5 Tips To Successfully Setting Up AWS Glue with Amazon Redshift

Don’t fall into the traps I did…

End of the year usually brings some extra time to work on something that you want to do but don’t have to do right away. For me that has been largely related to and around Amazon Web Services Glue. It’s a fairly new product that introduces a fully managed Extract Transform Load (ETL) solution. It is very dynamic and even generates column mappings from one data store to the new creation and automatically scales, provisions and runs ETL jobs for you without you having to designate resources or scale things up and down to handle different loads.

It also helps generate python scripts that will handle the execution of that job you setup. It’s a pretty slick tool especially if you’ve tried to do any custom ETL solutions beforehand, and it’s dirt cheap as most AWS products seem to be.

As I’ve been setting it up and starting to play with it I ran into a whole bunch of snags with permissions and setup things, it was a bit of a pain so if you are reading this and frustrated, I was too. The errors are pretty clear but they aren’t always that helpful.

#1 AWSGlueServiceRole

This tripped me up more than anything, and of course it was an IAM role that I had to figure out. I kept getting a IAM role error denoting that I didn’t have proper permissions and it wasn’t working, even though I had the GlueServiceRole and S3 permissions attached as policies to the role.

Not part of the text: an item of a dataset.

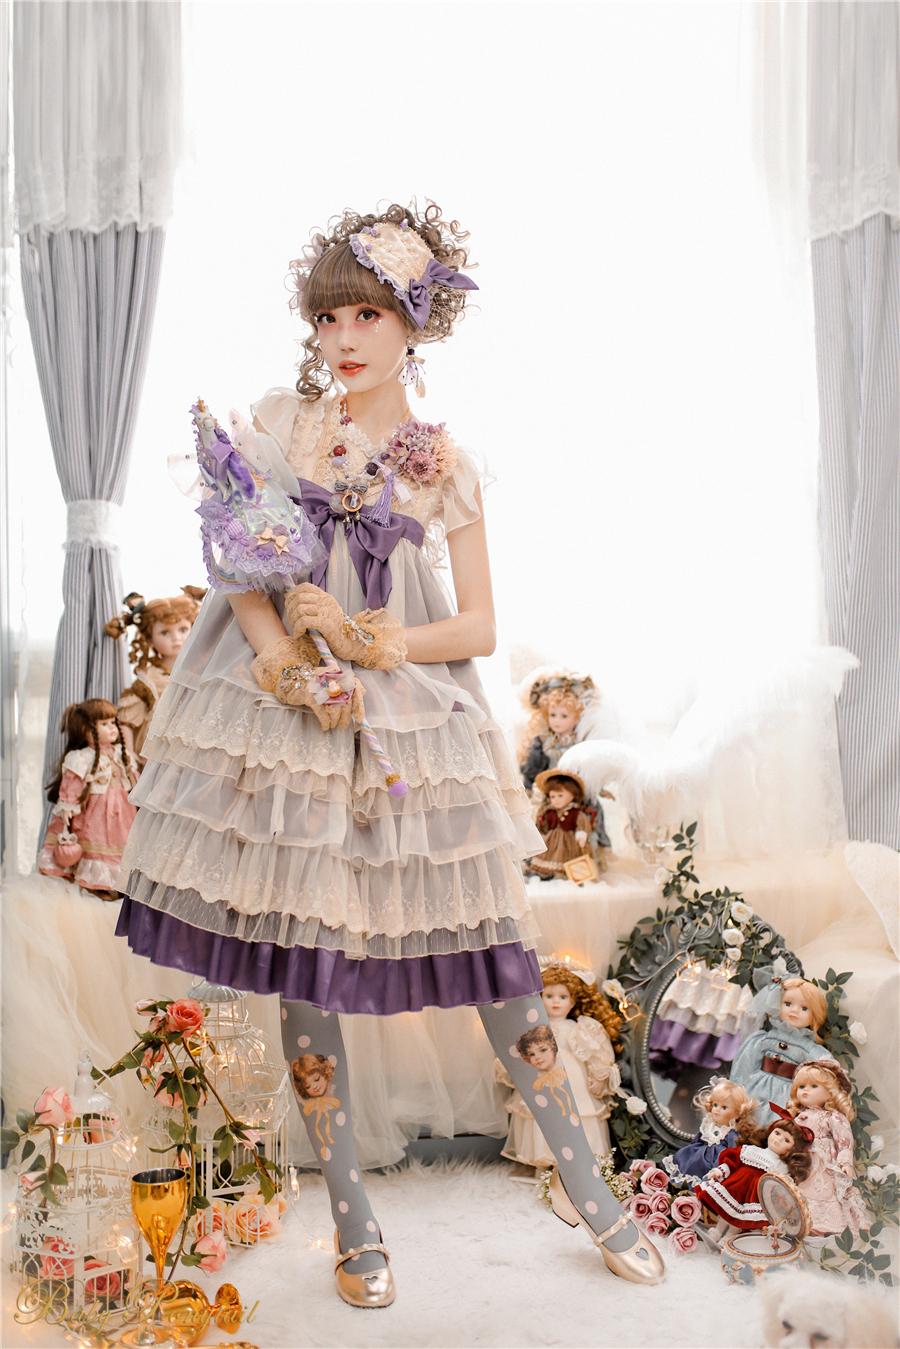 Babyponytail_Model Photo_Present Angel_JSK Violet_2_Kaka_05.jpg

What I later found out is that you have to name it exactly “AWSGlueServiceRole” in order for it to work properly. Something about that prefix is built into AWS systems so they can have permission to create, run and do things. So when you have name fields check and make sure you are naming things correctly..

You can exclude the AmazonRedshiftFullAccess Role if you are not using redshift…

#2 VPC Endpoints

In order for AWS Glue to run it uses s3 for a bunch of things like storing progress on jobs and bookmarking things or creating a place to store the databases it creates.

  • Note; databases in this case are just what they call the output of a crawler where it basically stores the database schema, so all the columns and their corresponding data types.

You need to make sure you have an endpoint in your VPC settings that gives access to s3 so it can all tie together and work properly. It usually defaults to this when it’s setup but make sure you check it here.

search in services for VPC
select endpoints on the left hand column
check your specified endpoint to make sure s3 is enabled, you can check the policy too

#3 Add Your Subnet Groups To Your Route Table

This was the real kicker, the last thing I had to change to get it all to work. It was one little setting that I had to read through docs to find and figure out how to change. It’s quite simple too. I won’t bore you with ALL the details but basically your VPC endpoint is accessed by your subnet groups and those groups need to be added to a “routing table” to tell the vpc endpoint that it can access the requested resources, in this case s3.

Basically you need to follow these screenshots to double check your settings.

select subnets
navigate to correct subnet group in question, select route table and make sure it’s added to the route table that is referenced in your VPC and your VPC endpoint

#4 Create Self Referencing VPC Security Group

Next up you need to make a VPC security group that is self referencing. Basically that means you need to have a new security group that only references its self to give access to your redshift or db instance. It’s a weird technicality that I honestly don’t fully understand but it’s in AWS documentation and it’s required to work and make it work.

It’s pretty simple you just have to create a new group, and add a new inbound rule that references the name of the vpc security group. Pretty simple to execute.

create the security group
edit the inbound rules to have the source of custom with the name of the security group, the sg-id

#5 Add Self Referencing VPC Security Group to Cluster Properties

Last thing that tripped me up was getting that security group added in the right place. You have to add it as a reference in Redshift for you to be able to connect and have the benefits of the self referencing security group you just set up, otherwise it wouldn’t do you any good.

It’s simple too, just takes a couple clicks.

Navigate to redshift and select your clusters
In the cluster settings choose modify
In the modify settings select the new security group you created. This window is a multi select input so make sure you hold down command (mac) or control (windows) to select both security groups that need access.

Once you’ve done that you should be good to go! You’ll be ready to set up your instances and run crawlers and jobs in glue. You’ll have to add the connection to glue and test it but with those settings above in place everything will work great! Happy ETL’ing.